We decided to put on a sketch show very similar to SNL or the old Carol Burnett Show.  Of course, we would be lampooning Fordham, the communications department, and life on campus.  If you weren't at the school at this very week and at this very moment, you would not get any of the gags.  But, despite the incredibly inside humor, we thought it was quite funny.  On paper.

We began assembling at the Ramskeller during its off hours to rehearse.  This certainly was not the Mark Hellinger Theater.  We assembled a stage from a pile of wood blocks.  There were no dressing rooms, so the cast would wear their own clothes with no changes during the entire show.  We couldn't figure out the stereo system so there was no music we could use.  And, of course, we were incredibly limited with sets.  If we couldn't concoct a set by using the tables and chairs at the Ramskeller, we were shit out of luck.

So, essentially, our show would be all about the acting.  And my words.

Throughout the rehearsals of this "Mickey-and-Judy-put-on-a-show-in-her-father's-barn" concoction, we realized that none of us knew what the fuck we were doing.  It was fly-by-the-seat-of-your-pants, make-it-up-as-you-go-along mayhem and spontaniety.

More importantly, we were having fun.

Everybody but my little discovery.  My protege and hopefully more. 

There was one sketch where a guy and a girl meet while on line to sign up for classes.  A relationship develops.  It was probably the trickiest sketch of the night.  And, of course, a real star turn for the actors.  The only problem was that my friend couldn't get the dialogue.  Or remember it.

What's a producer to do?

I seized upon this opportunity to do some one-on-one rehearsal time in a secluded corner of the Ramskeller.  Oh, nothing really happened.  But, I was making in-roads as a Svengali.  Maybe this is how John Derek had created his wife Bo.  We sat there for hours.  Running the lines over and over and over.

"I can't do this."

Oh, yeah, you can.  I tried to remember the line from "42nd Street."  This is going to be your moment.  You're going to get on that stage as a nobody.  And you're going to come off that stage a star.

Or something like that.

The night of the performance was a basketful of nerves for me.  After years of "entertaining,"  I was finally being entrusted to "ENTERTAIN."  Amuse a roomful of journalism students and faculty.  People I didn't know.  And folks who were likely expecting a lot after enduring a meal of Fordham-cafeteria-produced roast chicken.

Yikes.

As soon as we began, there was a lag of about twenty seconds before the first joke would hit.  What's that?

"HA HA HA HA HA HA."

The good news is that there was a regular guffaw every twenty seconds thereafter.  They were buying it all.  From my vantage point in the back of the Ramskeller, I saw people laughing.  A lot.

And I had written it. 

I can't describe the feeling of that night.  A cornucopia of emotions that had me soaring over the campus for several hours and even days.  The culmination of two decades spent crafting my sense of humor.  Now an audience was enjoying it.

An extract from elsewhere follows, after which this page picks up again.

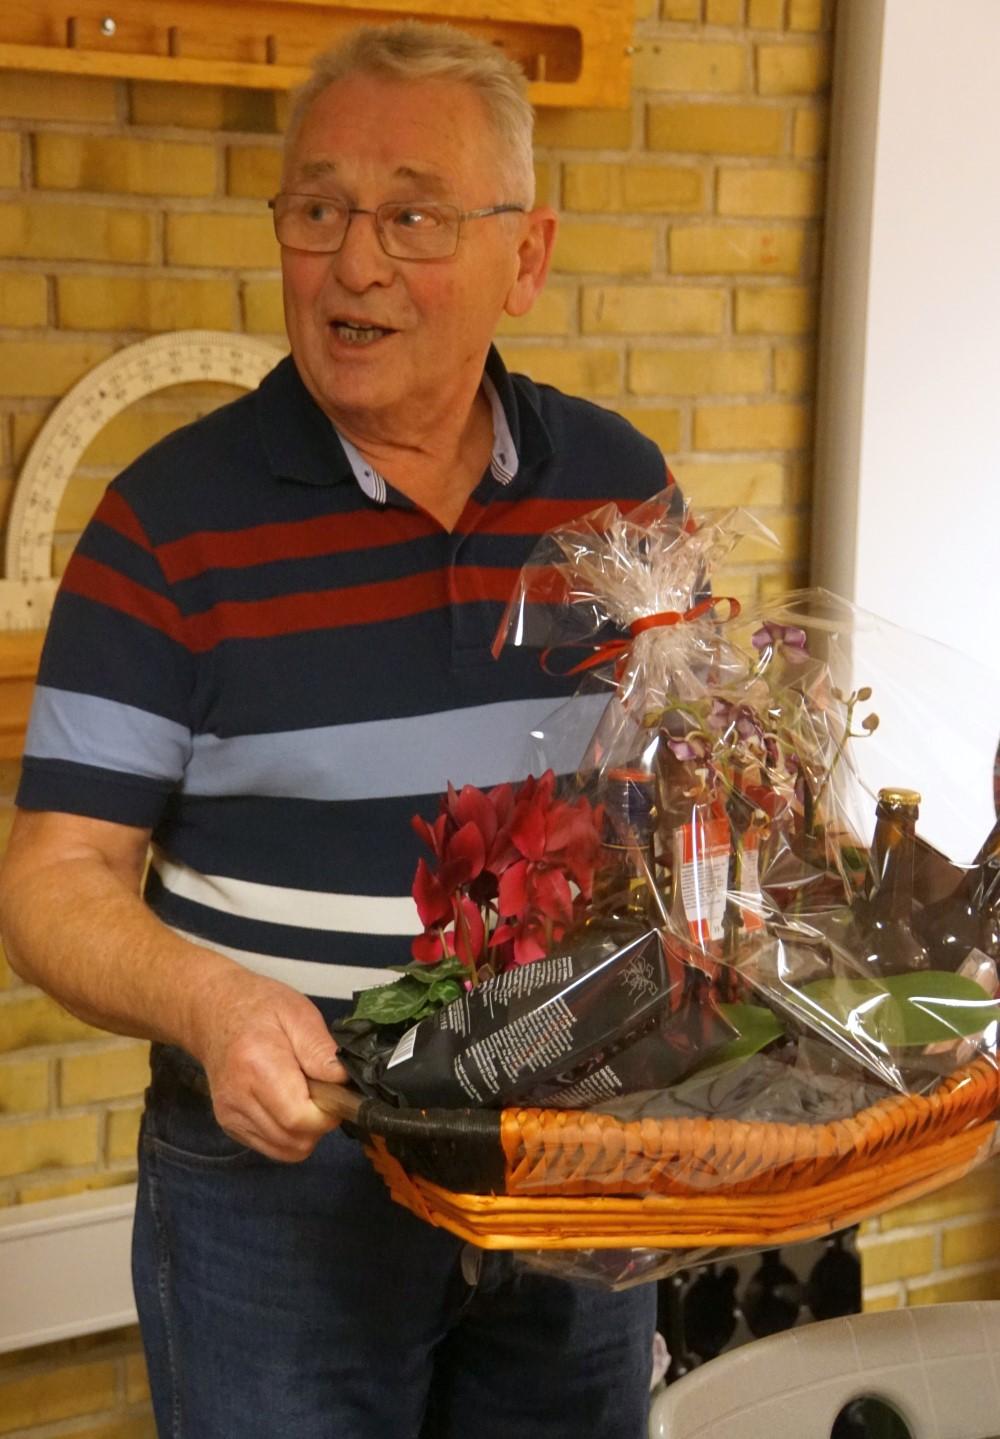 Et markant medlem af klubben har 40 års jubilæum. Peter Petersen kan i år fejre at han har været klubbens auktionarius i 40 år.

Oddly enough, this evening was so successful that the same professor asked us to do another revue the very next spring.  With the experience under our belt, the show would be even better.  Right?

Wrong.

I used the best actors I could find.  We had more props available.  I figured I was a better writer so I doubled the number of sketches.

And it wasn't as good.  Another example that the first time is always your best effort.   A snowflake in our lives.  A moment that will never be duplicated.

And, by the way, if you're wondering, we didn't cast my protege the second time around.  Yeah, she was that bad the first time.  

Ah, the energy of that first evening my stuff was exposed to an audience.  There would be others.  Fingers crossed, there will be a lot more.

Dinner last night:  Chinese beef and shrimp from Panda Express.